Nota: Esta reseña fue publicada en Cuadernos de Madrid

                                                                       ***

[1] Silvia Eugenia Castillero. Eloísa. México: Editorial Aldus, 2010. Silvia Eugenia Castillero (México, 1963) ha publicado los siguientes libros de poemas: Como si despacio la noche (Guadalajara: Secretaría de Cultura de Jalisco, 1993), Nudos de luz (Guadalajara: Ediciones Sur y Universidad de Guadalajara, 1995) y Zooliloquios. Historia no natural (México: Consejo Nacional para la Cultura y las Artes, 1997), que cuenta con una versión en francés debida a Claude Couffon (París: Indigo Editions, 1997).

[2] Se trata de “Piedra de sol” (1957), que figura en Libertad bajo palabra (México: FCE, 1958). Estos versos de Paz siguen la versión de Jean de Meung según la cuál Eloísa era consciente de que el matrimonio secaba de raíz el amor verdadero y la producción intelectual. Meung hace famoso el fragmento de carta de Eloísa (no sabemos si apócrifa) donde le asegura a Abelardo que “si el emperador de Roma, bajo quien deben hallarse todos los hombres, se dignase tomarme por esposa y hacerme señora del mundo, yo preferiría, y pongo a Dios por testigo, ser llamada tu ramera a ser coronada emperatriz” (El Libro de la Rosa. Trad. Carlos Alvar.
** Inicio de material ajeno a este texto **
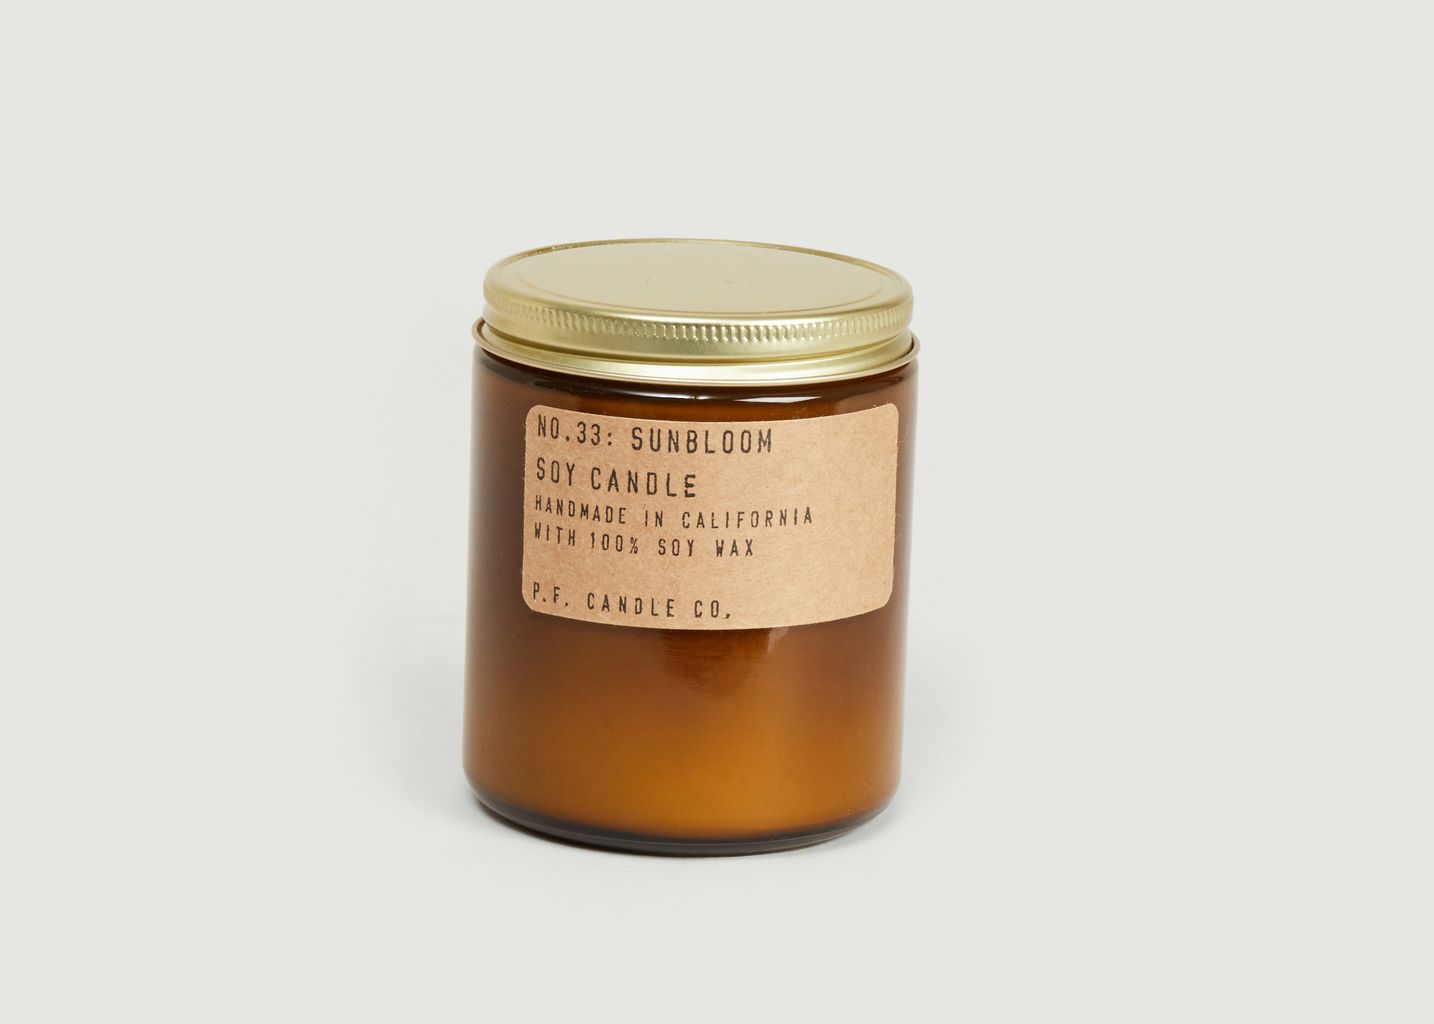 Bougie n°33 Sunbloom - P.F. Candle CO.

Madrid: Siruela, 1986. p. 162).

[3] Georges Duby. Damas del siglo XII. Eloísa, Leonor, Iseo y algunas otras (Trad. Mauro Armiño. Madrid: Alianza Editorial, 1995. p. 75).

[4] El epígrafe de Seignobos —“¿El amor? Una invención del siglo XII”— alude con ironía al hecho de que nuestra manera de amar y entender el matrimonio sea heredera del amor cortesano (o fin’amor), que declaró la incompatibilidad entre amor y matrimonio porque la fidelidad verdadera se fundaba en el amor y no en el matrimonio legal. Sobre este tema ver el libro clásico de Denis de Rougemont Amor y Occidente (trad. Ramón Xirau. México: Consejo Nacional para la Cultura y la Artes, 1993) y el de la historiadora Leah Otis-Cour Historia de la pareja en la Edad Media (trad. Antón Dieterich. Madrid: Siglo Veintiuno, 1999) que relativiza y discute esa tesis.

[5] Como ocurre en “El sueño de los guantes negros” de Ramón López Velarde (El son del corazón, 1932). Las analogías entre este poema y “Entierro” son varias y sugerentes, pero mientras en el poema de Castillero la pareja se une definitivamente en el polvo, en el de López Velarde queda en el aire la pregunta teológica sobre la conservación de la carne.

[6] Igor Caruso. La separación de los amantes. Una fenomenología de la muerte (trads. Armando Suárez y Rosa Tanco, México: Siglo Veintiuno Editores, 2003). En la Introducción Caruso plantea el problema con esta frase que resume el espíritu del libro: “estudiar la separación amorosa significa estudiar la presencia de la muerte en nuestra vida”. p. 6.